Settled down for lunch and with the preliminaries well on the way, the minister’s wife proceeded to question her husband as to his exciting experience.
“Now tell me all about it,” she said, “and begin at the beginning. Did you have a good congregation?”
“A great congregation,” replied her husband. “And splendid singing.”
“And, of course,” said his wife, “a good sermon. Did you ‘make ’em sit up,’ as you told me you would?”
“Well, certainly I made one young fellow sit up. And he nearly beat me up for my pains.”
“What do you mean?” asked his wife.
“Just what I tell you. I thought I was in for a genuine row.”
“Go on! Go on! Why do you stop?”
“Well, it is such an astonishing experience that I am almost paralysed by it.”
“Go on, you silly boy,” cried his wife impatiently. “You are so provoking.”
“Well, let me begin at the beginning. You remember my sermon was a discussion of the origin of the Bible, and I went in for a somewhat mild discussion of the critical difficulties and that sort of thing attached to the text, as I told you last night.”
“Yes, I know you did. And you remember I warned you that you would get into trouble.”
“Well, you were right, as you are always. But let me go on. Don’t interrupt me. At the close of the service, after all the people were gone, I found sitting in the back a young man dressed like a cowboy, apparently not waiting for me but held there, entranced by the music. DeLaunay was playing some weird and wild thing. I came down with my most gracious smile and hand outstretched to welcome him to the church, in the orthodox style, when he rose from his place, a tall, lean, hard looking chap, and yet the kind of fellow that you would call ‘a dear’—good blue eyes, thin face, very attractive, in short, ‘a lovely boy,’ as you would say.”
“Well, what was the matter with him?” inquired his wife impatiently.
“What was the matter? My heterodoxy.”
“Well then I agree with him. I am sure he must be quite a nice boy. And I wish you would just leave people alone with their Bibles. It was good enough for their fathers, why not good enough for them?”

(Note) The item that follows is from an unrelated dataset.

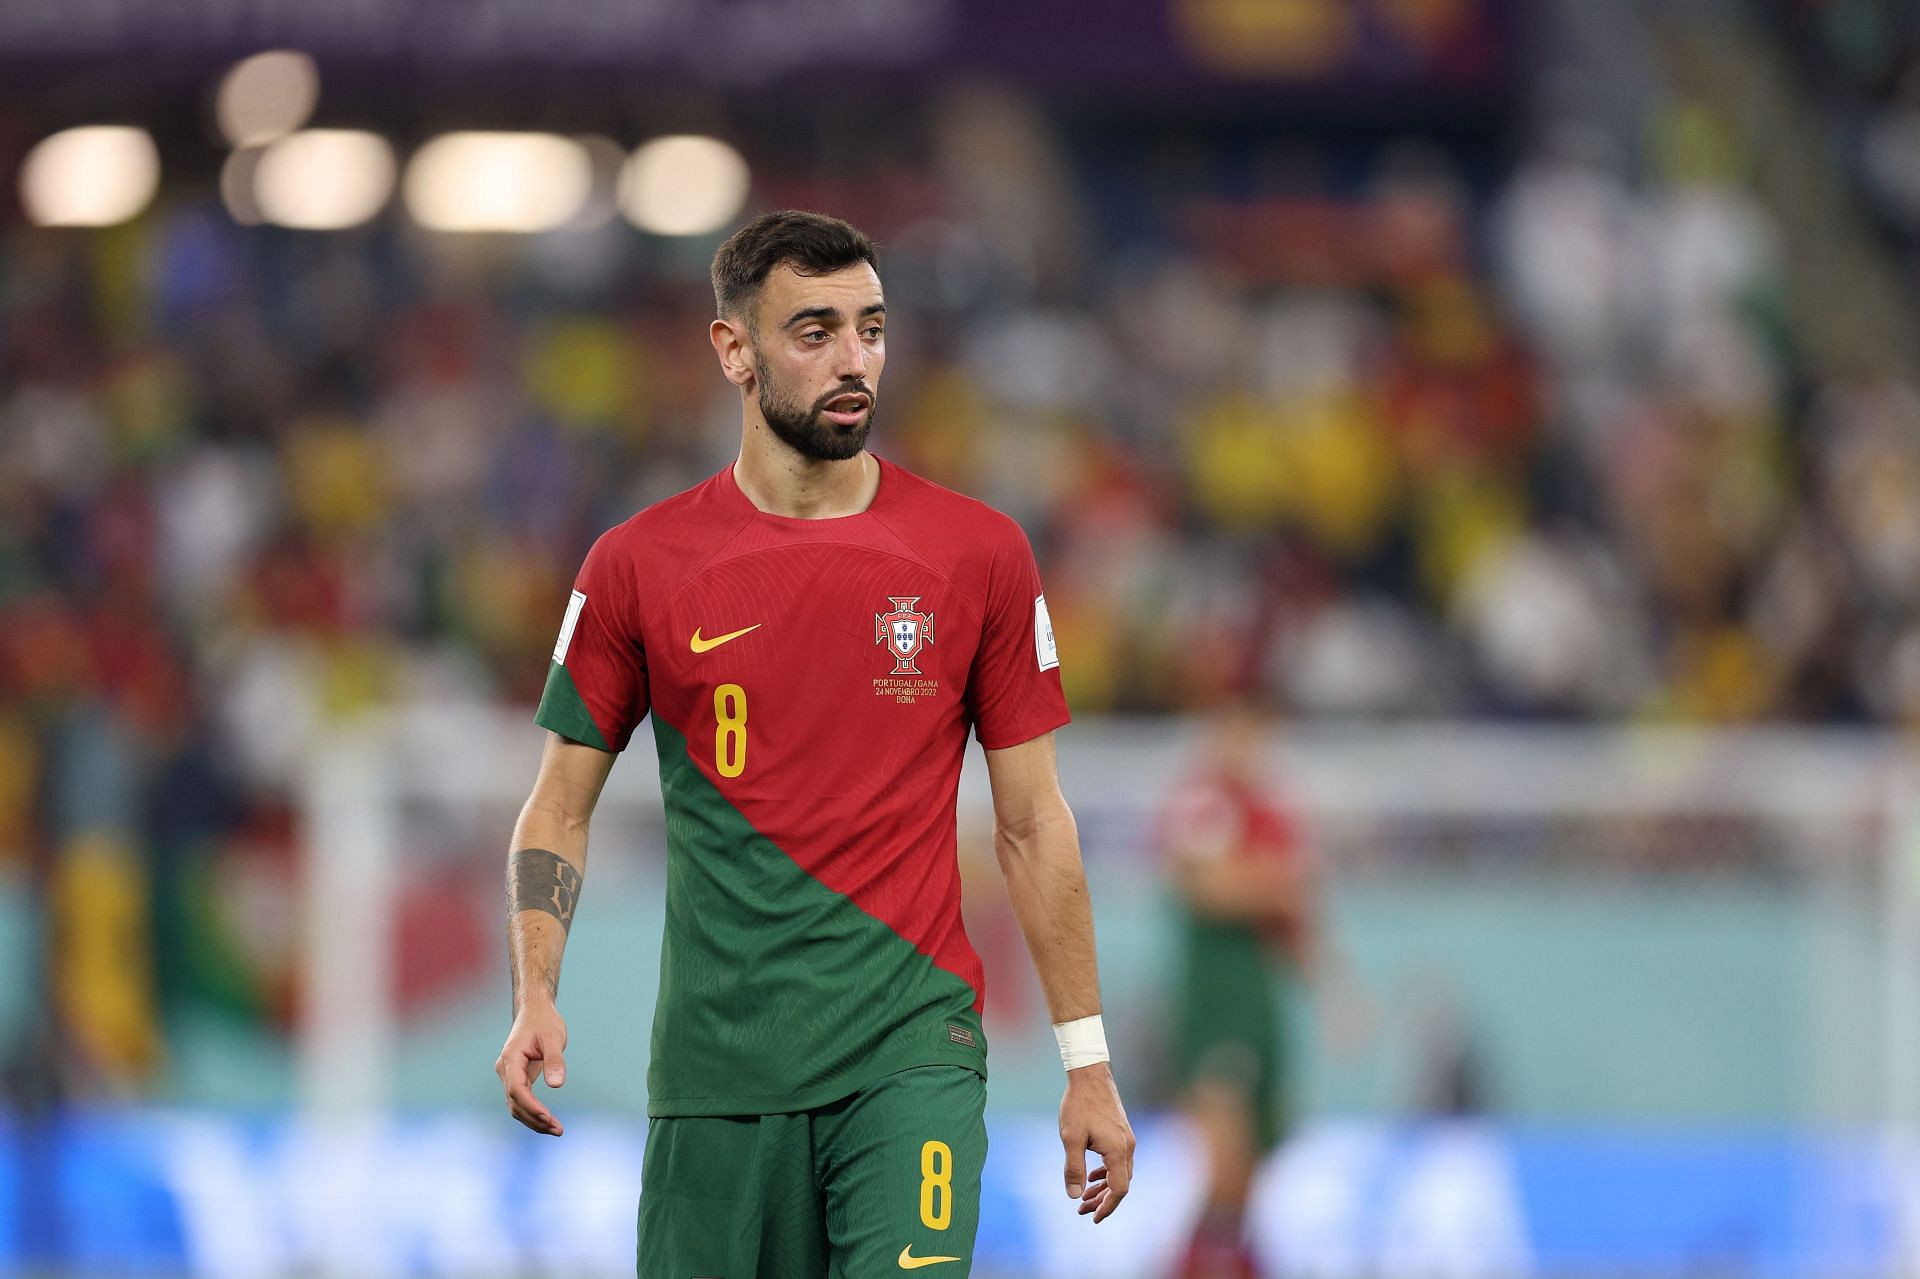 Bruno Fernandes produced two assists against Ghana

“Well, my dear, I have two reasons, as you very well know. The first is that if I leave the people alone my conscience won’t leave me alone. And the second is that if I leave the people alone they will soon be leaving the church alone.”
“Well, go on with your story. Tell me about the boy.”
“As I said, I began welcoming him most cordially to the service, and that sort of thing, and he opened out on me. First shot, ‘You don’t believe the Bible!’ he said. ‘What?’ I said. ‘You don’t believe the Bible. You don’t believe it is God’s inspired word. Do you?’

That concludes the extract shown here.